- [Given records]:
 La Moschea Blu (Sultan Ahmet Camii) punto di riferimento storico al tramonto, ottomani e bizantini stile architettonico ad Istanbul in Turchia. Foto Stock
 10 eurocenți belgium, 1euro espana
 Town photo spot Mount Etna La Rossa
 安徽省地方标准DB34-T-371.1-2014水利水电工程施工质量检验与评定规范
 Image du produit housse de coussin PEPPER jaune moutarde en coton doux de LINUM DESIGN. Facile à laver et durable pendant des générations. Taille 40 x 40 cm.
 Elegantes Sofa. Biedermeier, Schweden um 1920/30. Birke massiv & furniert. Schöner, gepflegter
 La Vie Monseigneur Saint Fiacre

- [Task instructions]:
Return the records given above in their entirety, word for word.

- [Answer box]:
 La Moschea Blu (Sultan Ahmet Camii) punto di riferimento storico al tramonto, ottomani e bizantini stile architettonico ad Istanbul in Turchia. Foto Stock
 10 eurocenți belgium, 1euro espana
 Town photo spot Mount Etna La Rossa
 安徽省地方标准DB34-T-371.1-2014水利水电工程施工质量检验与评定规范
 Image du produit housse de coussin PEPPER jaune moutarde en coton doux de LINUM DESIGN. Facile à laver et durable pendant des générations. Taille 40 x 40 cm.
 Elegantes Sofa. Biedermeier, Schweden um 1920/30. Birke massiv & furniert. Schöner, gepflegter
 La Vie Monseigneur Saint Fiacre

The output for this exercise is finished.